Profile: Kate Winslet

Post-Oscar, post-divorce, what’s next for Britain’s most talented actress?

You’re Kate Winslet. You’ve been nominated for an Oscar six times and you’re barely in your mid-thirties. You’ve been in one of the most successful blockbusters ever (Titanic). In one year alone you’ve made the high-profile dramas Revolutionary Road and The Reader, and scooped a Best Actress Academy Award, two Golden Globes, another BAFTA, and almost every other acting award known to man. How do you follow that? Well, you do a bit of telly.

The 35-year-old Reading-born actress has already proved to be boldly unpredictable in her choice of roles. She turned down Shakespeare in Love and The Lord of the Rings, and followed Titanic with the tiny art-house efforts Holy Smoke and Quills. Now she’s downsizing to the small screen for this summer’s HBO mini-series Mildred Pierce, which will be broadcast here on Sky Atlantic. The five-part drama is a lush adaptation of James M Cain’s 1941 novel about a resilient divorcee in Depression-era California, whose life is defined by her overpowering love for her resentful and increasingly wicked daughter Veda (Evan Rachel Wood).

The book was first dramatised for the screen in 1945, with Joan Crawford in the title role. But just because it’s TV, says Winslet, doesn’t make it any less ambitious than her film work. “This was so much harder, and more intense, than any film I’ve done,” she said recently. “There was so much more story to tell. Plus the story was utterly compelling to me, because Mildred’s need for her daughter’s approval is something that I think every mother does feel from their child. It’s a story that every parent can relate to.”

This is the key to Kate Winslet, and perhaps even to her success and her entire career. For she doesn’t do fantasy (eg Middle Earth). She speaks at length about the need for her movies to relate to people, and to be real. Recently divorced from the Oscar-winning director Sam Mendes, the parallels between her life and Mildred’s weren’t lost on her. “There were some days when I would realise the scenes I was shooting were in tandem with things that were happening that day in my life,” she says.

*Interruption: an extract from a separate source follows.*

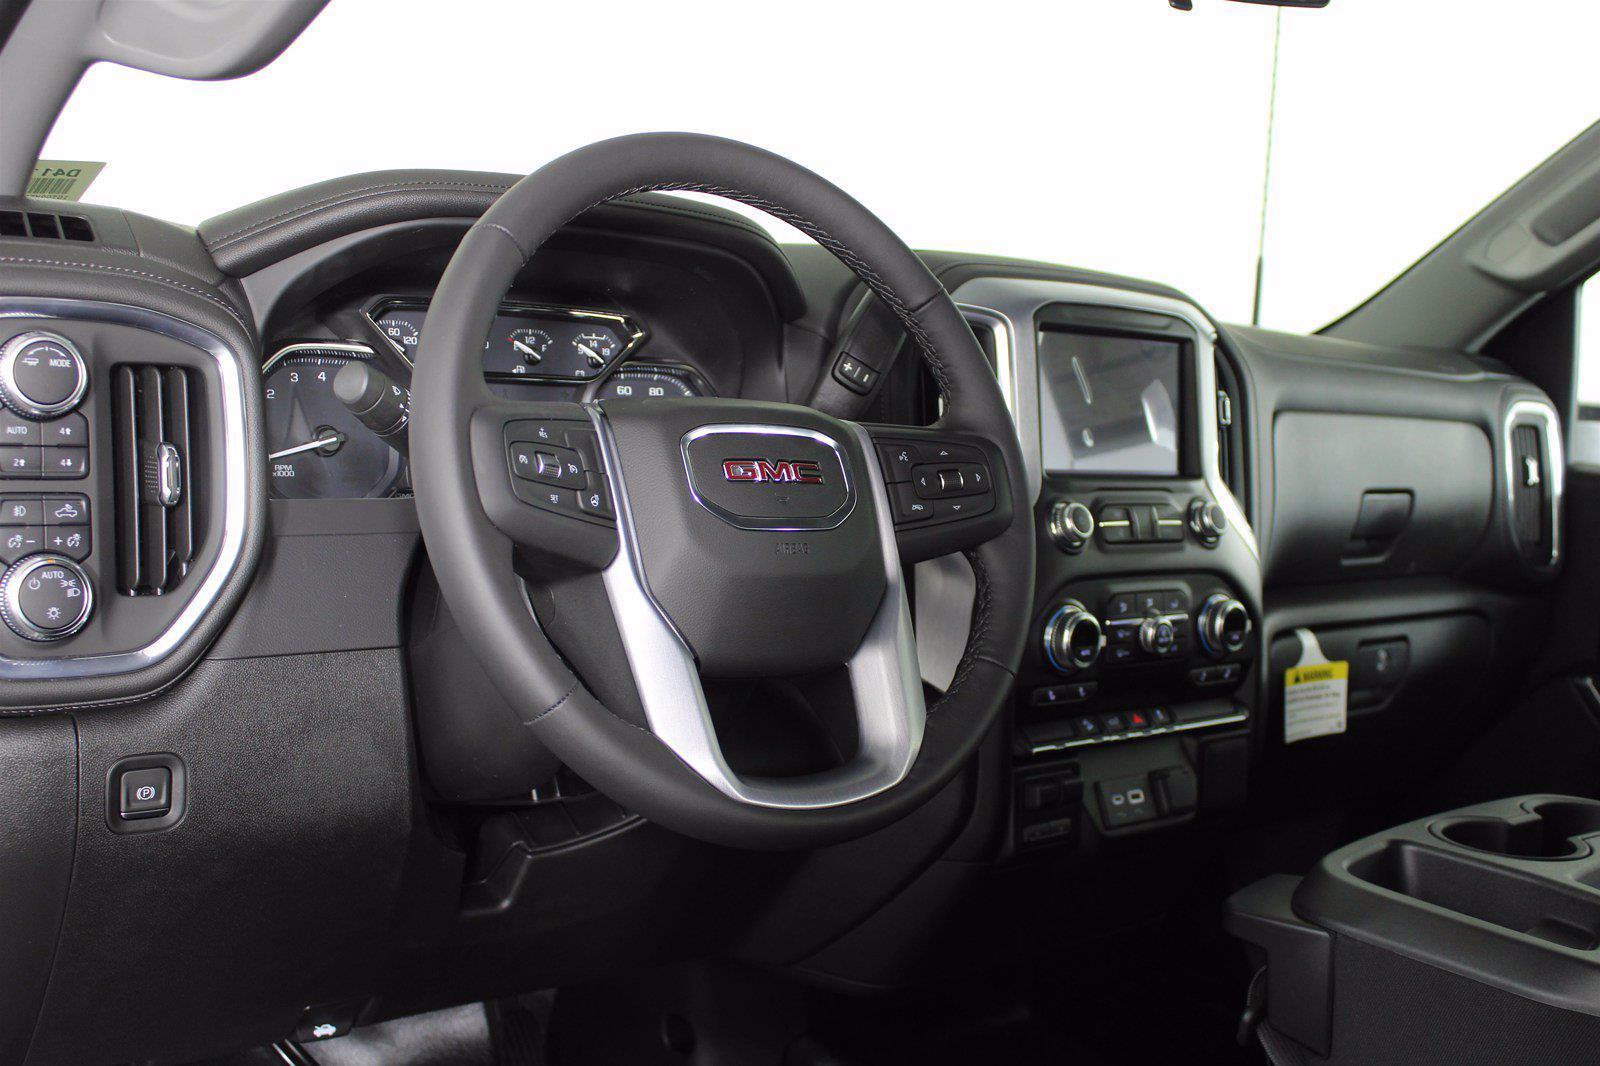 2021 GMC Sierra 2500 Regular Cab 4x4, Pickup #D411067 - photo 9

Mildred Pierce is far from a big glamour vehicle, but then Winslet doesn’t do those. She isn’t Angelina Jolie in The Tourist or Sandra Bullock in The Proposal. “Not to put down people who are known for playing those types of glamorous roles,” she says, “but to me films should be relatable to.” Even on the rare occasion where she has to doll-up for a scene (as in The Holiday) or the red carpet, she finds it frustrating. “I still sometimes want to go, ‘This isn’t real! I’ve been in hair and make-up for three and a half hours! I don’t look like this!’”

This need to be real, she says, stems from her childhood. Her parents Roger and Sally were both jobbing actors, as are her two sisters, Anna and Beth (only younger brother, Joss, has been spared), so money was scarce in their household. “We lived off family allowance,” she explains. “We never flew to Barbados on family holidays. My dad would borrow a VW van from a mate and we’d drive to Dover instead. I grew up in the same house all my life and shared a bedroom with my older sister. There simply weren’t the funds to do other things. So I grew up in the thick of reality and have always followed that lead in life.”

It hasn’t always been that easy, or straightforward. Winslet’s rapid career ascent, from commercials to TV bit parts (including Casualty) to a starring role in Peter Jackson’s haunting Heavenly Creatures, was often accompanied by media comment about her body size, being a full-figured English rose rather than a skinny Hollywood vixen. Then, when she divorced her husband James Threapleton (they have a daughter, Mia) and moved to New York with her new partner, Mendes, she was decried for ‘going Hollywood’ and becoming exactly the lithesome archetype that was apparently off limits.

“It was hard for me, because I had been obsessed with my weight for so long,” she confesses a tad ruefully. “Strangely, it’s only now that I’ve had two children (she also has a son with Mendes, Joe) that I have a healthy body image, and I’m proud that I don’t have those issues any more.”

Currently single, Winslet, it seems, is pouring herself entirely into her professional life. After Mildred Pierce she’s starring in Steven Soderbergh’s virus movie Contagion, and then with Jodie Foster in Roman Polanski’s adaptation of the provocative play God of Carnage. It is an “empowering thing”, she has said. “I really need to not have anyone around. It’s a surprise to discover that I like being on my own.”